Frontiers in Molecular Biosciences ◽

10.3389/fmolb.2021.728777 ◽

2021 ◽

Vol 8 ◽

Author(s):

Ka Lung Cheung ◽

Claudia Kim ◽

Ming-Ming Zhou

Keyword(s):

Transcription Factors ◽

Rna Polymerase Ii ◽

Gene Transcription ◽

Protein Interactions ◽

Therapeutic Strategy ◽

Regulation Of Gene Expression ◽

Transcriptional Elongation ◽

Protein Protein Interactions ◽

Inflammatory Disorders ◽

Damage Repair

The BET (bromodomain and extra-terminal domain) family proteins, consisting of BRD2, BRD3, BRD4, and testis-specific BRDT, are widely acknowledged as major transcriptional regulators in biology.

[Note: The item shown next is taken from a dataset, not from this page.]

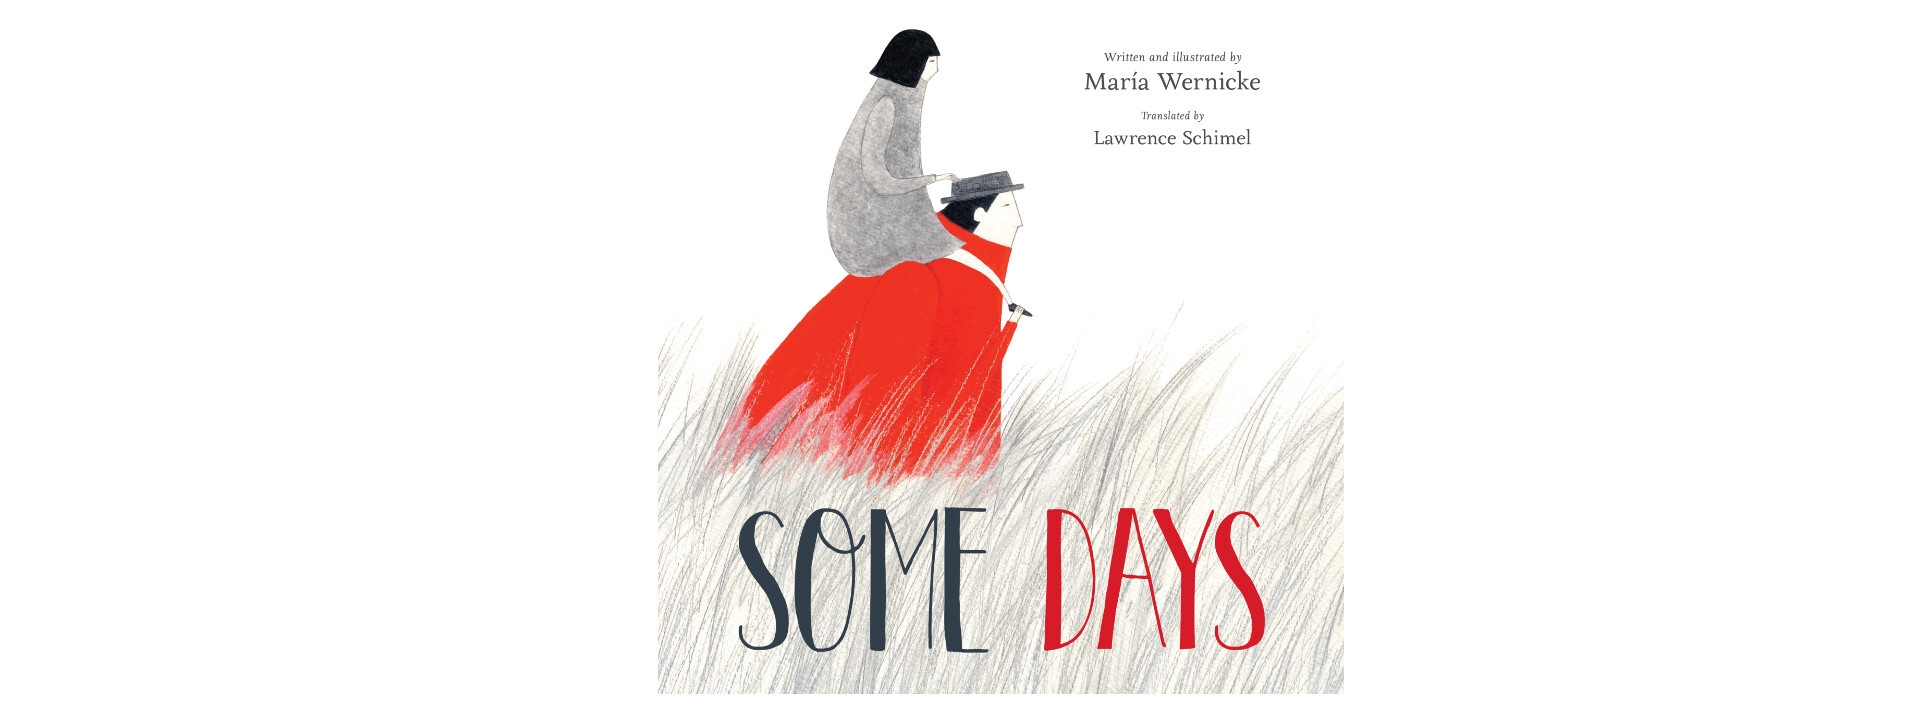 The book cover "Some Days" features a young girl with short dark hair wearing a gray jacket on the shoulders of an adult wearing a red jacket and gray hat. They are walking through tall grass.

They are characterized by two tandem bromodomains (BDs) that bind to lysine-acetylated histones and transcription factors, recruit transcription factors and coactivators to target gene sites, and activate RNA polymerase II machinery for transcriptional elongation. Pharmacological inhibition of BET proteins with BD inhibitors has been shown as a promising therapeutic strategy for the treatment of many human diseases including cancer and inflammatory disorders. The recent advances in bromodomain protein biology have further uncovered the complex and versatile functions of BET proteins in the regulation of gene expression in chromatin. In this review article, we highlight our current understanding of BET proteins’ functions in mediating protein–protein interactions required for chromatin-templated gene transcription and splicing, chromatin remodeling, DNA replication, and DNA damage repair. We further discuss context-dependent activator vs. repressor functions of individual BET proteins, isoforms, and bromodomains that may be harnessed for future development of BET bromodomain inhibitors as emerging epigenetic therapies for cancer and inflammatory disorders.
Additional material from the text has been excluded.